— А вот над этим придётся поразмыслить.
Он отвернулся к окну — неуклюжий маленький леший с наивной мордашкой и сам весь такой премиленький… Если я когда-нибудь решу завести домашнее животное, то заведу лешего. В этом пока неизвестном мне мире наверняка есть что-то вроде птичьего рынка, где торгуют гномами, домовыми и вот такими лесными крохами. Я буду кормить его, воспитывать, выводить гулять. А Василиса, вернувшись с работы, сядет на диван к телевизору, леший запрыгнет к ней на колени, будет тереться и мурлыкать…

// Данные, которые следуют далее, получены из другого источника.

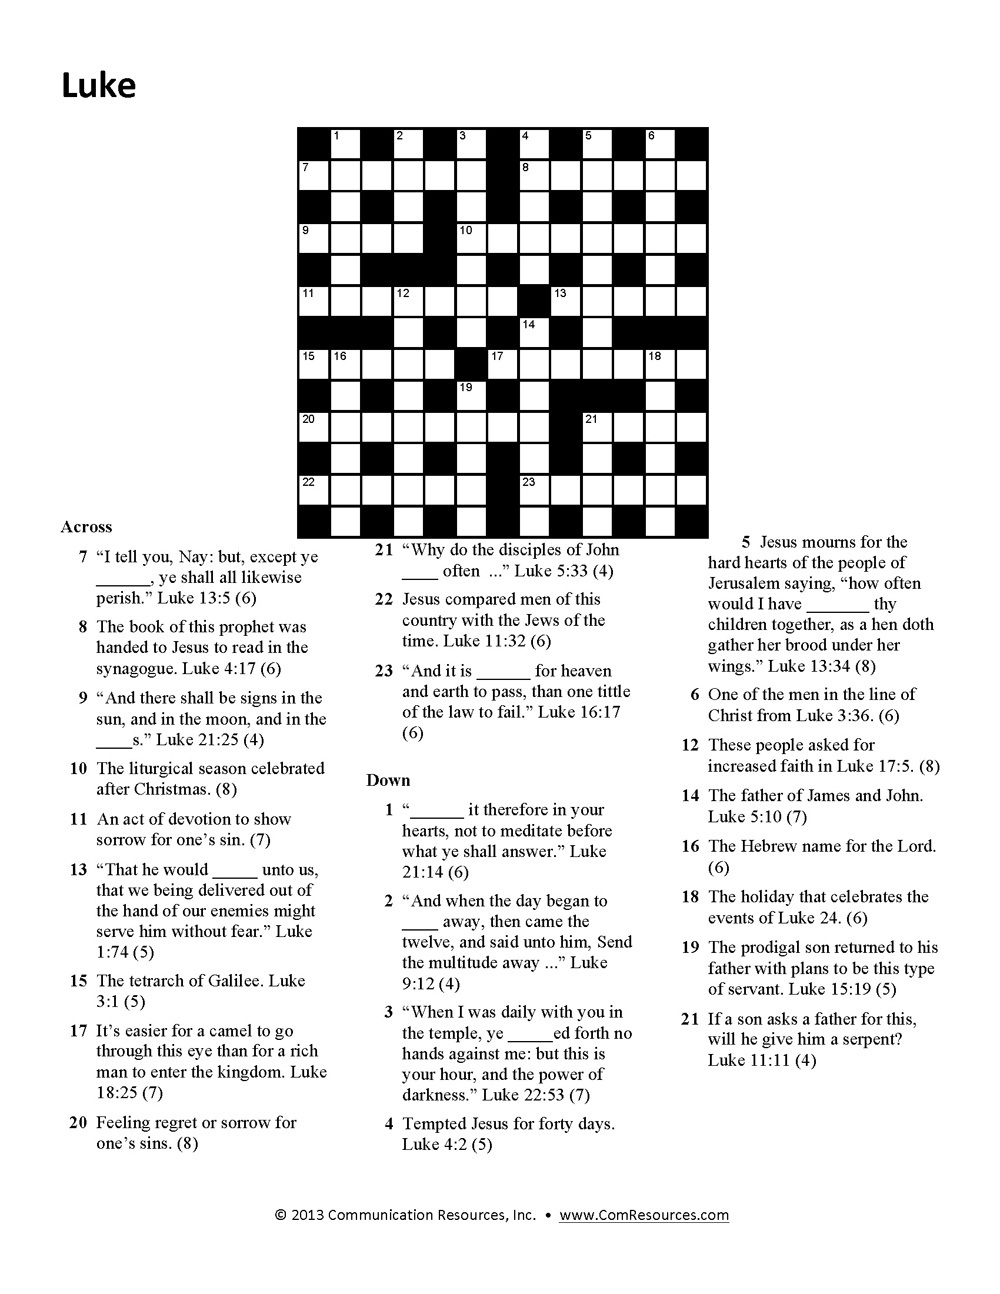 15 Fun Bible Crossword Puzzles | Kittybabylove - Printable Crossword Puzzles 2013

Мне снова представилась Василиса — такая, как я увидел её в конторке в свете настольной лампы: тёмные волосы забраны на затылке в хвост, очки на кончике носа, изящный локоток. Образ более чем обобщённый, но настолько яркий, что никак не хотел выходить из головы. Я влюбился в эту девчонку. Я, сильный тридцатилетний мужик, от которого только что ушла жена и который по всем канонам жизни должен копошиться в себе, выискивая причины своей несостоятельности… Я влюбился. Я совсем не знал её, да что там не знал — я видел-то её всего несколько минут, но теперь мне хотелось сочинять стихи, и вместо того, чтобы сокрушаться о жене, как делал это весь последний месяц, я пытаюсь найти рифму к слову «Василисушка»…
— Ку-ку, Игнатиус! — жабоид щёлкнул пальцами перед моими глазами. — Очнись, выходим.
Выйдя из автобуса, я огляделся. Куда привёл меня этот будущий домашний питомец? Город свой я знаю хорошо, он не такой большой, как Москва, и не такой маленький, как Урюпинск. В нём есть театры, торговые центры и даже метро. А ещё он стоит в месте слияния двух великих русских рек, что придаёт ему статус сакрального. Здесь столько всяких исторических соблазнов, что удивляться появлению всевозможных жабоидов не приходиться. Поэтому я и не удивился, когда Василиса познакомила меня со своим ручным лешим, а тот в свою очередь позеленел и покрылся бородавками.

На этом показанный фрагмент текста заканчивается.